Originally published May 5, 2008 at 12:00 AM | Page modified May 5, 2008 at 1:51 PM
With Yahoo deal's collapse, stymied Microsoft must find new online strategy
With its three-month pursuit of Yahoo at an end, Microsoft is back where it started: far behind Google, the undisputed online-advertising leader.
Seattle Times technology reporter
With its three-month pursuit of Yahoo at an end, Microsoft is back where it started: far behind Google, the undisputed online-advertising leader.
For several years, Microsoft has been striving for a bigger share of the billions of advertising dollars migrating online. Buying Yahoo would have gone a long way to making that happen, the company reasoned.
Now, after the companies could not agree on a purchase price, Microsoft has to chart a different course.
Chief Executive Steve Ballmer, in an e-mail to employees Saturday explaining his decision to withdraw the offer to buy Yahoo, said Microsoft has a strategy in place.
"Although the acquisition of Yahoo would have accelerated our ability to deliver on our strategy in advertising and online services, I remain confident that we can achieve our goals without Yahoo," Ballmer wrote.
But some analysts are looking for something new.
"It's not OK to say, 'We're going back to Plan A,' " said Charlie Di Bona, a securities analyst with Sanford C. Bernstein. "They need to say something that's credible and different. That's not Plan B, since they just gave up on Plan B. So what's Plan C?"

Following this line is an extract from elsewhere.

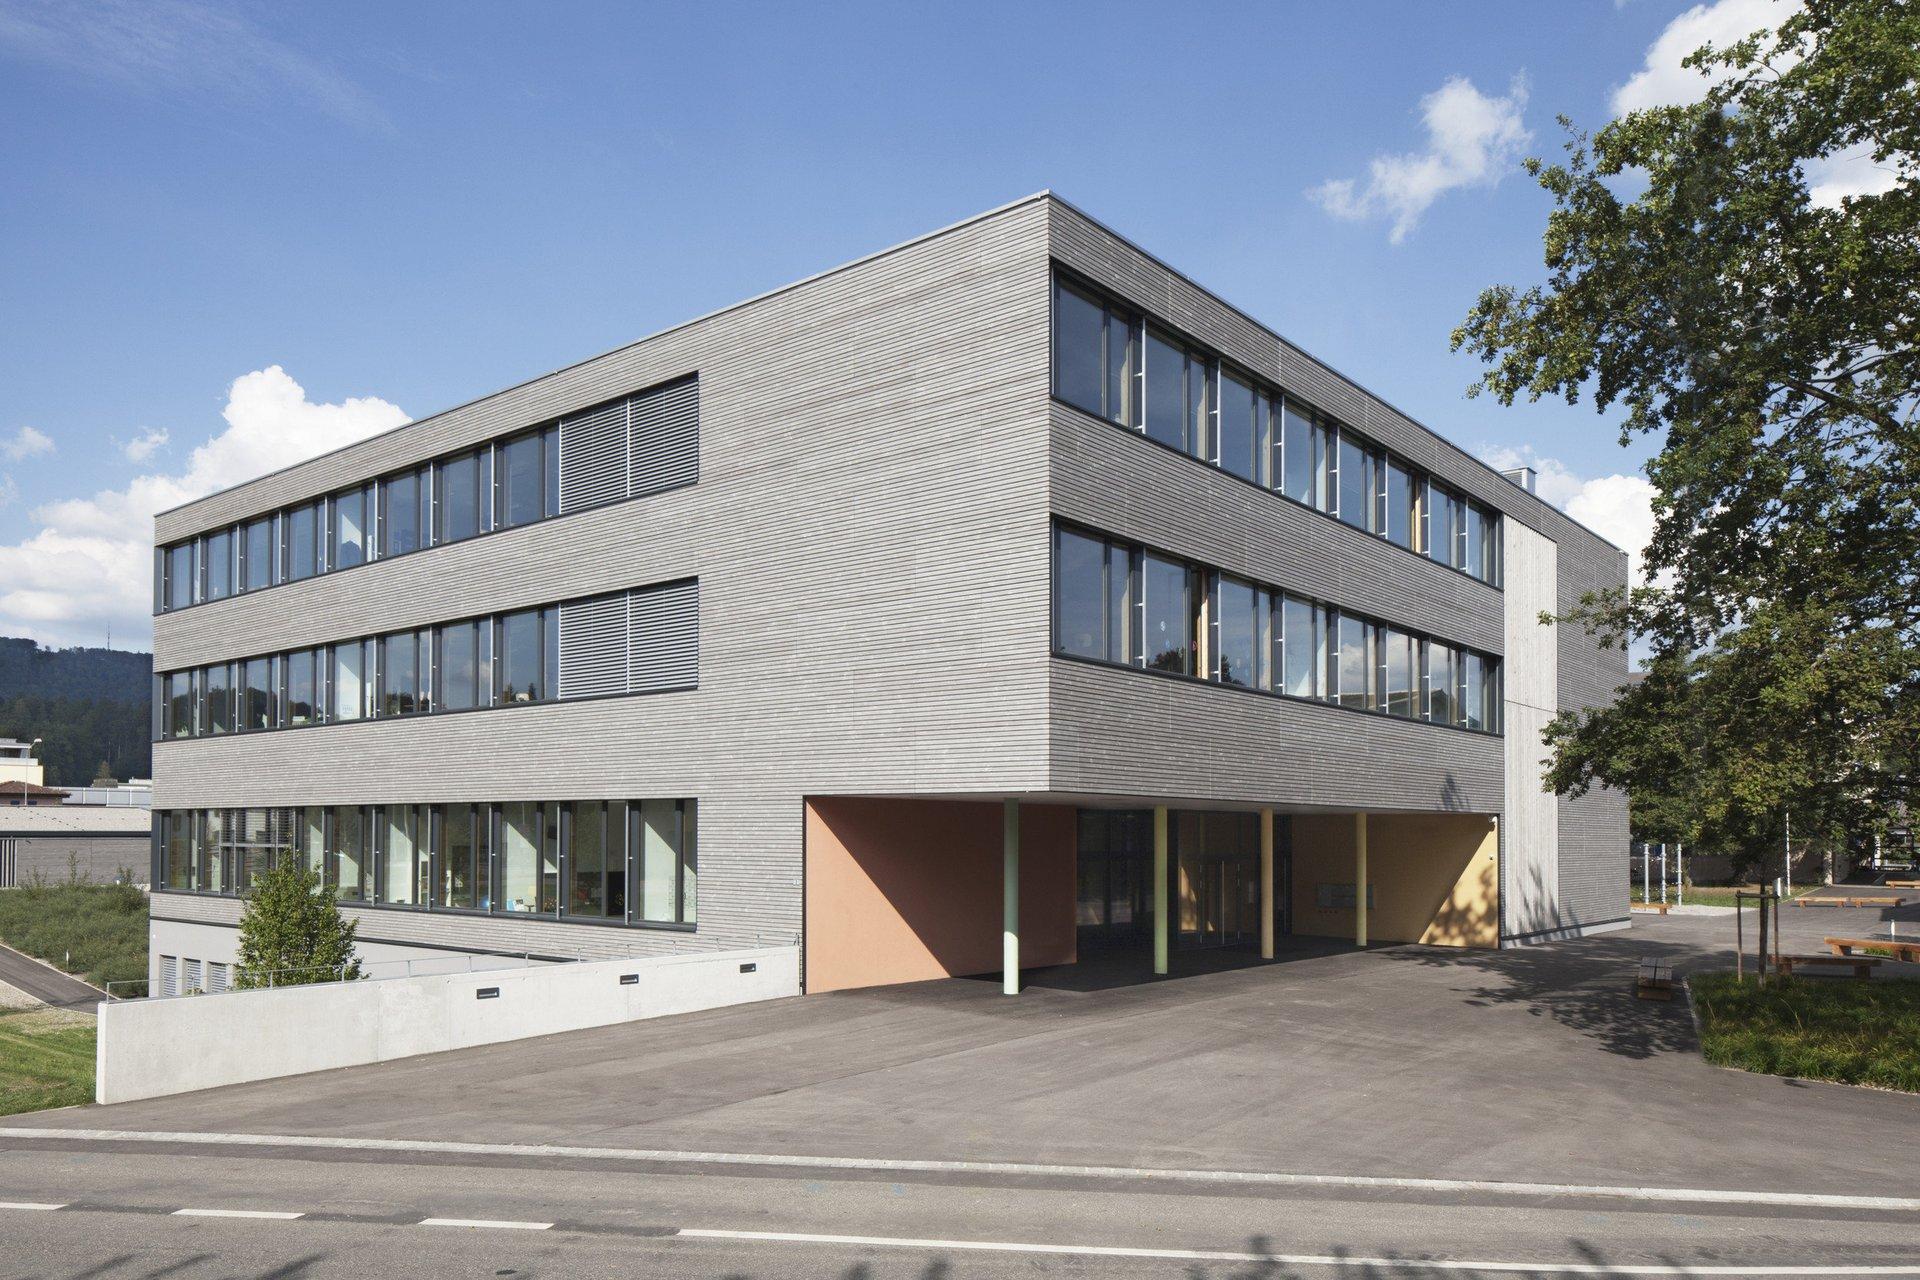 Bâtiment scolaire de 4 étages avec entrée couverte

While Microsoft may be back where it started, the landscape has shifted since it offered to empty its bank accounts to buy Yahoo for as much as $47.5 billion.
Microsoft's pursuit of the one-time Internet champion may have chased Yahoo into Google's arms for an online-advertising partnership.
Media giants Time Warner and News Corp. also saw their online properties, AOL and MySpace, respectively, raised in partnership and acquisition discussions.
Microsoft's main reason for buying Yahoo was, in essence, a shortcut to catch up with Google.
That's still the goal, Ballmer told employees.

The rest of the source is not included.